The panellists then moved on to discuss other strategic alternatives that companies can consider. Coghill provided the example of Superdry, a clothing retailer listed in London, who experienced a decrease in its market capitalisation from $1.7bn in 2017 to $4m. Due to its recent struggles, several proposals were considered, including (1) a restructuring plan under the Companies Act 2006, which would include a court approved process to compromise the creditors; (2) an equity raise structured as either a placing to the founder at $10m or an open offer at $8m; or (3) to delist Superdry’s shares. The Superdry example highlights the creative ways a company may choose to restructure.

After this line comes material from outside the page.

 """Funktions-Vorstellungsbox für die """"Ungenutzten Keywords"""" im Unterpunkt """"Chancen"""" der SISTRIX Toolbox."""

Pressman shared that Canada is seeing the same trend, with 30 per cent of companies that recently went public already undertaking a review of the strategic alternatives. Pressman noted, however, that going-private transactions for companies now trading at significantly lower stock prices as compared to recent-year highs, present difficult questions for boards who must analyse the cause of stock fluctuations and the effect on shareholders. Pressman noted that process is important in these circumstances, and in response to a question presented by Cardi, Pressman stated that if an issuer’s IPO price is much higher than the proposed take-private valuation, it should consider empowering an independent committee to ensure that there is a clear understanding of what has caused the change in valuation and that the current valuation represents a fair valuation.

In summary, companies globally are grappling with valuations and exploring various strategies, including secondary listings, changing listings, going-private transactions and implementing novel approaches to address distress in the markets.

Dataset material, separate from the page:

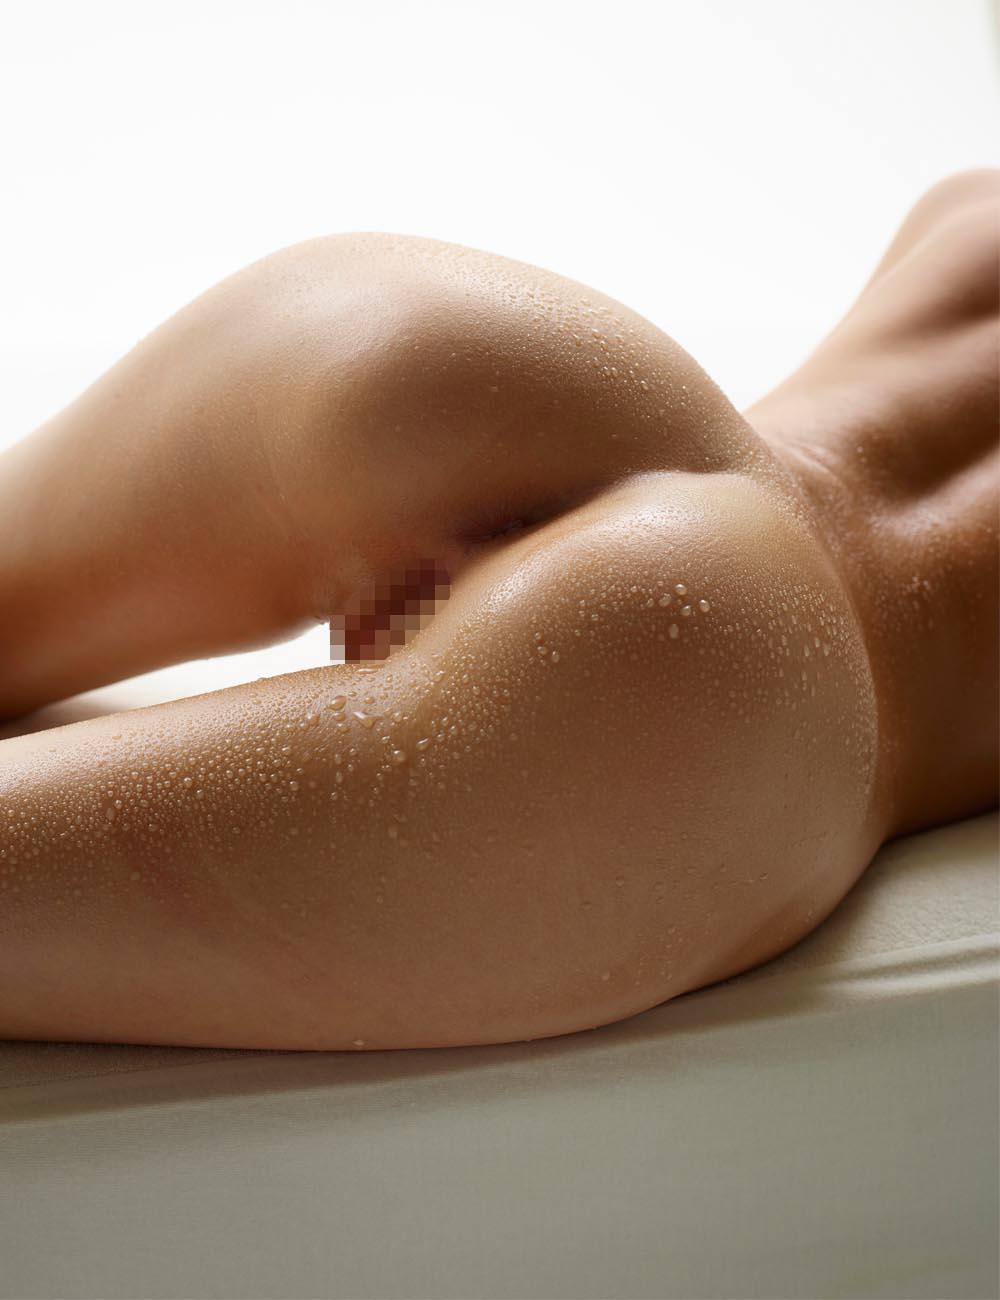 【海外エロ画像】くびれも重要!丸くて大きくて間違いなく美味な海外産の美巨尻(*´Д`)

Resurgence of hostile activity

The last topic discussed was the increase in hostile activities globally and potential defences to such activity. Croff explained that in Italy, where most companies are controlled companies, there is limited room for hostile activity as unsolicited bids require controlling shareholder approval. Similarly, Pressman stated that in Canada, structural changes like the mandatory non-waivable tender offer conditions and a minimum 105-day offer period provide boards with more opportunities to build defences or seek alternatives and, as a result, have altered the dynamics between bidders and boards and lowered hostile activity. Coghill explained that in London there have been several unsolicited hostile bids that have been met with successful defences this year, noting in particular that shareholder support and the put-up or shut-up takeover code provision serve as effective defences.

In summary, the level of hostile market activity and the appropriate defences vary across countries and depend on country-specific regulations and market practices.

Conclusion and final remarks

Overall, the panel discussion shed light on the evolving landscape of public company M&A and securities law globally. The topics of forum shopping listing jurisdictions, the transition of numerous issuers from public to private and the resurgence of hostile activity in certain geographies were explored. The discussion underscored the importance of understanding country-specific regulations and market practices relating to public companies.

Disclaimer

The information contained in this report is of a general nature and intended to be educational. Any applicability of the rules should be reviewed with M&A counsel. Nothing in this report should be construed to constitute investment advice or securities advice in any manner, shape or form.